Isotopic transient kinetic study of CO oxidation on Pd(1 1 0)

• Subsurface oxygen was found to be non-reactive.
• The rate constants of oxygen Оads diffusion into the Pd(1 1 0) subsurface layer and back were determined.
• At Т0 > 400 K oxygen atoms are located mostly in the subsurface layer of palladium.

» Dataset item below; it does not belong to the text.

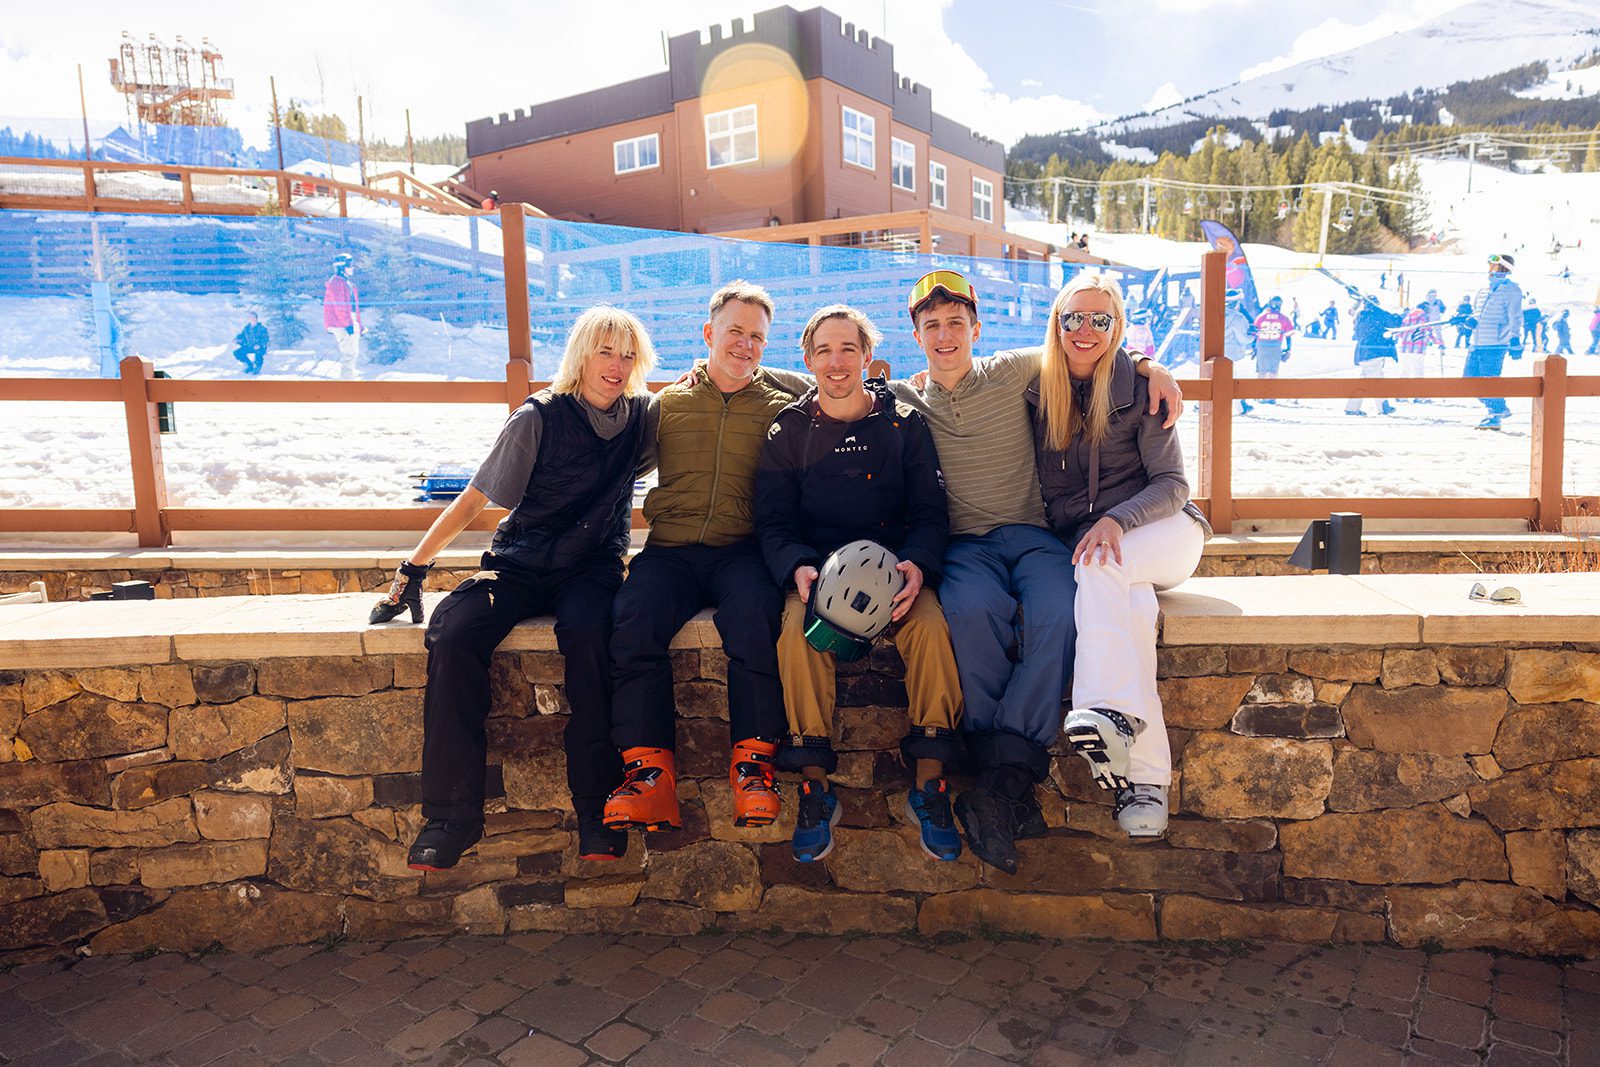 Group family photo at Breckenridge ski resort after parents vow renewal.

Thermodesorption spectroscopy (TDS) and temperature-programmed reaction (TPR) using a beam-forming gas doser and oxygen isotopes 18O2 and 16O2 have been applied for studying the titration of adsorbed Оads and subsurface oxygen Оsubs on a reconstructed Pd(1 1 0) surface. Subsurface oxygen appears to be non-reactive. However, as the reaction proceeds, it comes onto the surface and interacts with adsorbed CO. Numerical simulations have been applied to investigate the Оsubs → Оads transfer kinetics. On the reconstructed surface the stage Оsubs → Оads is reversible, and its rate is linearly dependent on the concentration of surface sites freed during the reaction Оads + СОads → СО2. The temperature dependencies of direct and reversed reaction rate constants have been determined. As the adsorbed oxygen concentration decreases to some threshold value, a self-accelerated irreversible subsurface oxygen outcome occurs caused by a surface reconstruction to the structure (1 × 1). The kinetic equation for the process has been suggested. The temperature dependence of the critical surface oxygen coverage initiating the surface reverse reconstruction has been determined.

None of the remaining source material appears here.